Effects of exogenous chloride ions on the migration and transformation of Cd in a soil-rice system

Soil cadmium (Cd) contamination has emerged as a significant global environmental concern, posing numerous risks to individual organisms and entire ecosystems. Concurrently, the global increase in pesticide usage has elevated the influx of chloride ions (Cl − ) into the soil. Given Cl − ’s robust ability to coordinate and complex with various heavy metal ions, understanding its influence on the migration and transformation of Cd in soil-rice systems is essential for the rational application of pesticides and the effective mitigation of soil heavy metal pollution. In this paper, we explained the effect of Cl − on the environmental behavior of Cd in the soil-rice system in terms of growth traits, Cd uptake and accumulation by rice, and Cd solid-solution phase interface behavior through pot experiments and sand culture experiments.
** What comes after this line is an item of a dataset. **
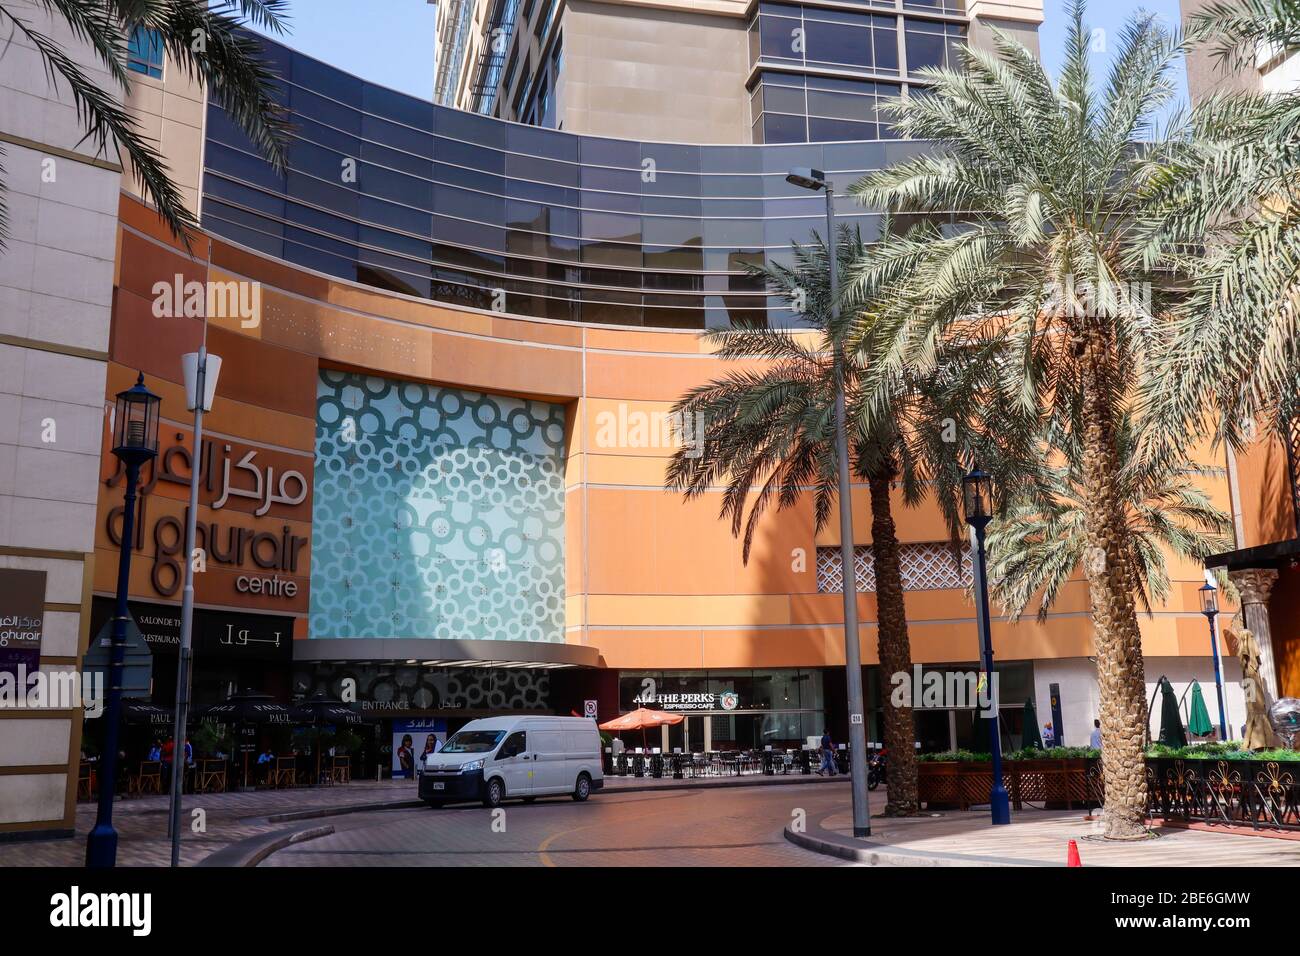 Al Ghurair shopping mall, Dubai Stock Photo
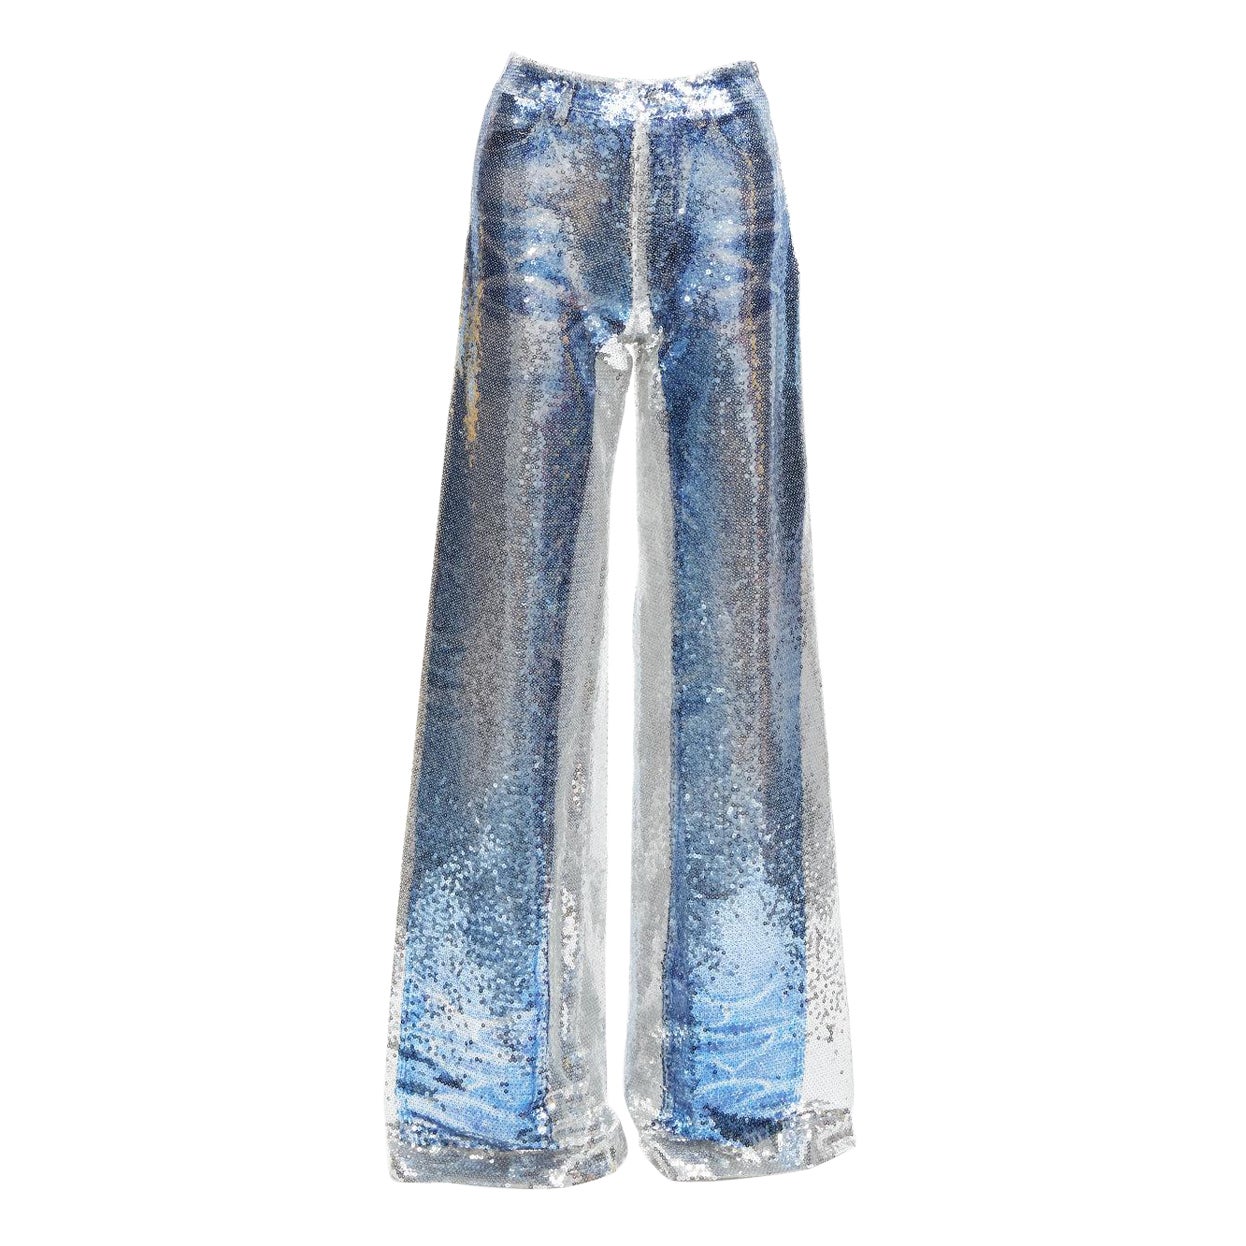 PONY STONE THAILAND silver tromp loeil jeans print sequins wide leg pants US2 S

The results showed that Cd concentrations in all parts of the rice treated with CaCl 2 during the filling period were lower than those in the Ca(NO 3 ) 2 -treated group, with Cd accumulation diminishing as Cl − concentration increased. This suggests that the filling period is critical for Cd uptake and accumulation in rice. Unlike the accompanying anion NO 3 − , exogenous Cl − reduced Cd concentrations in the soil solution but increased them in rice. Notably, when the Cd/Cl ratio ranged from 0.625 to 2.5, Cl − formed predominantly CdCl + -complexes with free Cd 2+ in the soil solution, enhancing the mobilization of Cd bound to soil particles and its subsequent absorption by rice. This study aims to assess Cl − ’s effect on Cd migration and transformation in soil-rice systems, providing insights for safe rice production on Cd-contaminated soils and rational use of chlorine-containing pesticides.